Unnamed: 0,City,State,Number of Venues on Foursquare
0,New York,New York,117
1,Los Angeles,California,104
2,Chicago,Illinois,96
3,Houston,Texas,74
4,Phoenix,Arizona,93
5,Philadelphia,Pennsylvania,101
6,San Antonio,Texas,79
7,San Diego,California,120
8,Dallas,Texas,110
9,San Jose,California,72


In [15]:
#sort dataframe by number of venues
city_venues.sort_values(by=['Number of Venues on Foursquare'], ascending=False, inplace=True)
city_venues.reset_index(drop=True, inplace=True)


# Results

In [16]:
city_venues

Unnamed: 0,City,State,Number of Venues on Foursquare
0,Baltimore,Maryland,122
1,Nashville,Tennessee,122
2,Seattle,Washington,122
3,Long Beach,California,121
4,Jacksonville,Florida,120
5,Kansas City,Missouri,120
6,Albuquerque,New Mexico,120
7,San Diego,California,120
8,Portland,Oregon,119
9,Arlington,Texas,118


#### The table above shows the top 50 cities you should start in when making an app using foursquare data to locate venues as they have the most venue points within 100 km radius.

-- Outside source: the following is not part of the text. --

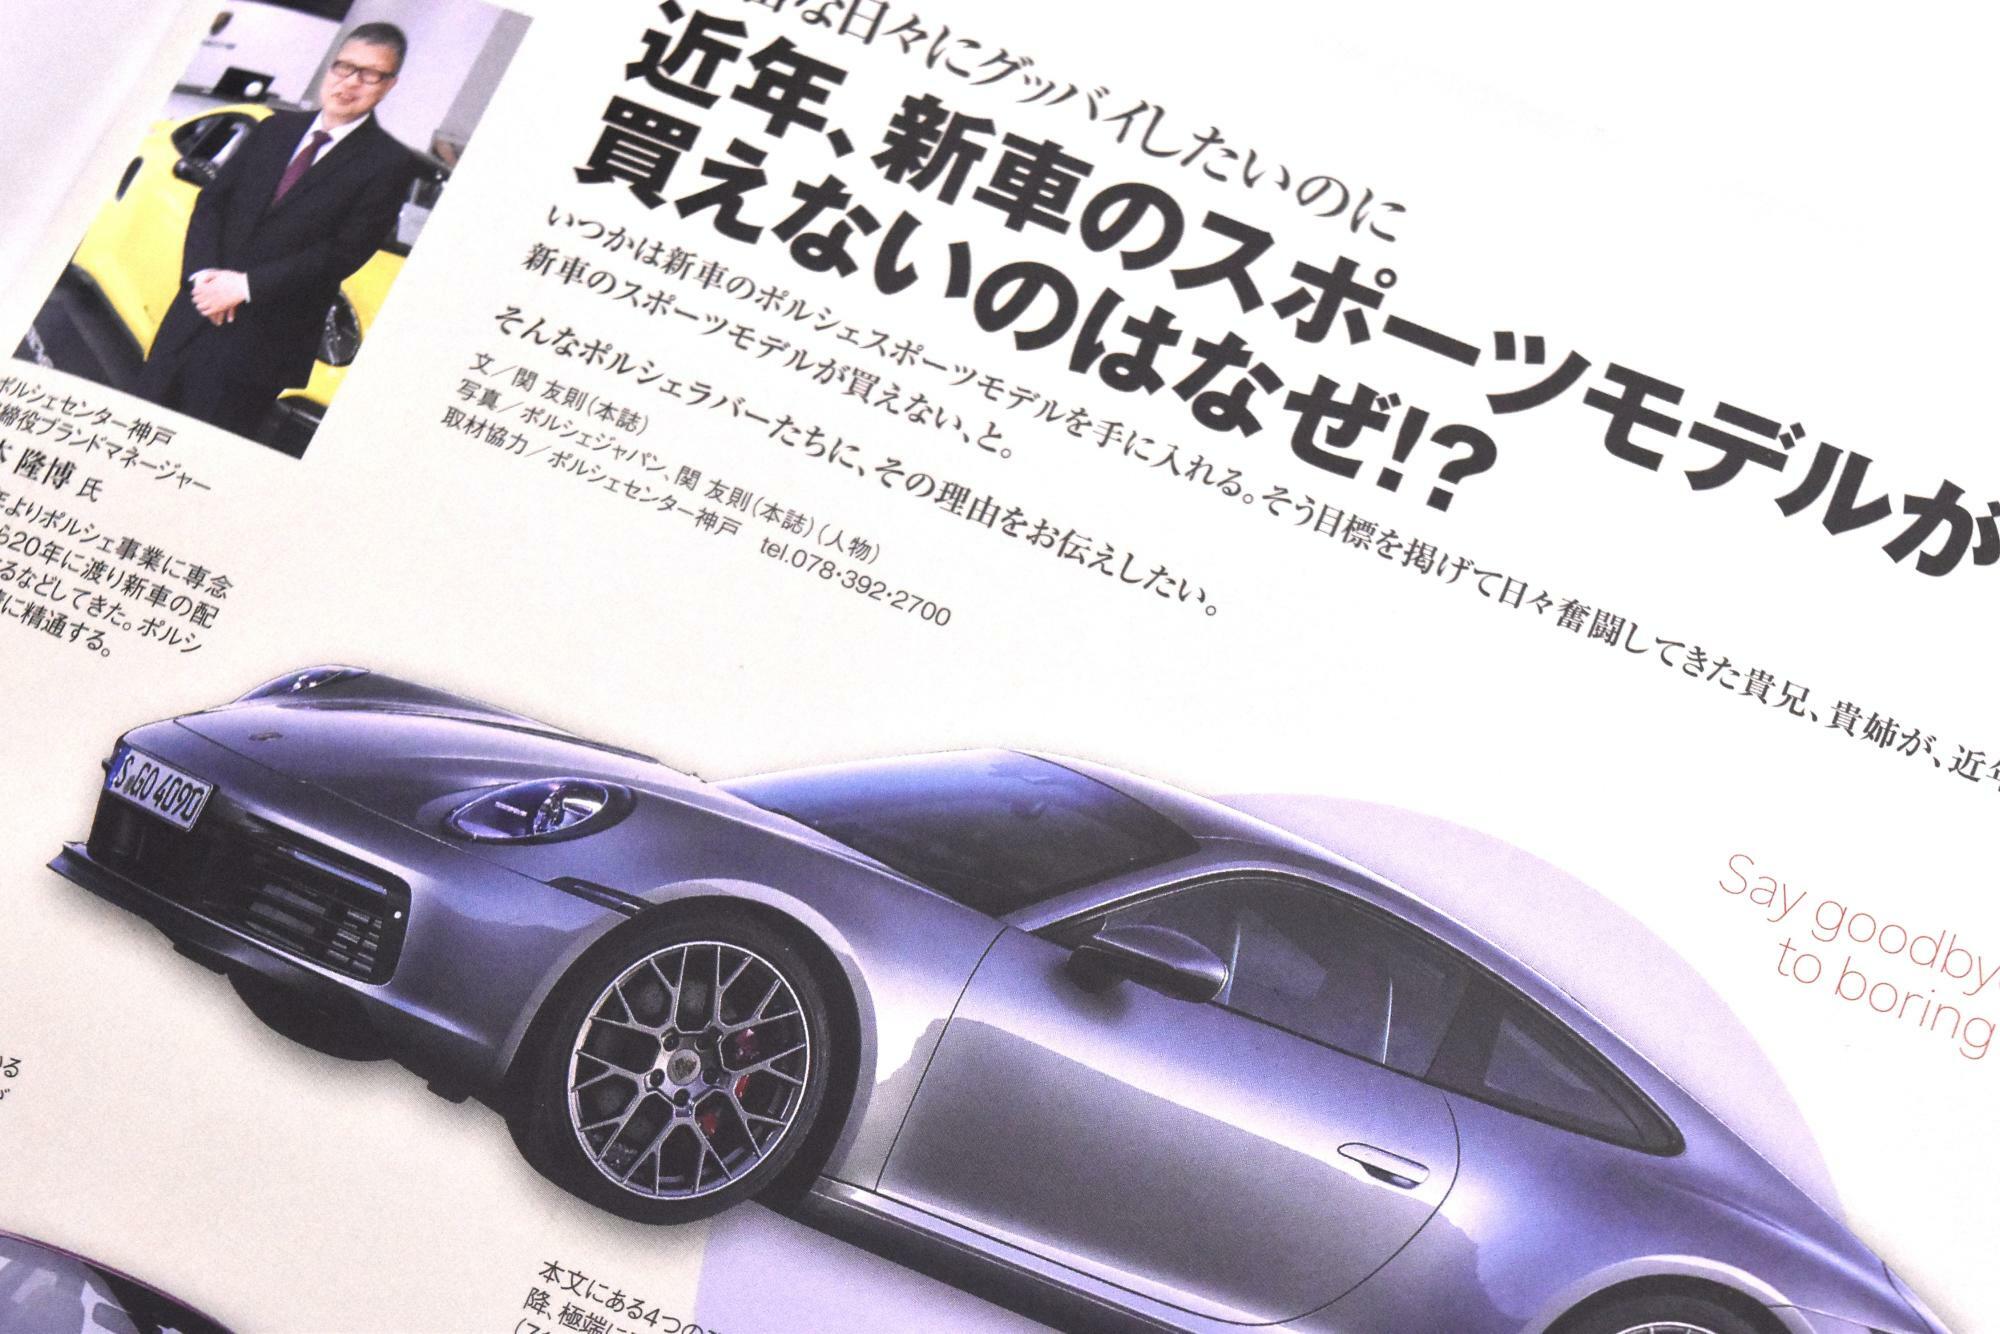 最新刊の96号でも、新車のスポーツモデルが手に入りにくいことについて言及している

These cities have the most venues returned when a search query is done using the location data from the website we chose for city and population data. These are also the cities with the top 50 populations in the United states. 

# Discussion

When I ran the data analysis the first time, I was surprised by the results. For instance, San Francisco only returned 4 results. I would have guessed that a city like San Francisco, with such an active tech community, would use an app like foursquare a lot more. New York also had less results than I expected. When I looked back at the location data to try to determine what had happened, I looked up the longitude and latitude of San Francisco and New York City supplied by the website. When I punched that table location into google, it gave me locations that were slightly different than the city's actual locations. When I changed the table's longitude and latitude for San Francisco and New York City to the more accurate google values, I got more predictable higher results. This leads me to believe that some of the other location data values may be innacurate as well. If I were to do this project again (or if I had more time to refine it) I would use a different dataset for my location data. 


# Conclusion

In conclusion, this project showed that it isn't the cities you expect that have the most robust foursquare location venue data available (eg. Nashville was one of the highest), and this analysis helped to show that fact as long as the locations we used were correct. This analysis showed which highly populated cities in the United States would achieve the best results from an app recommending locations using the foursquare location database.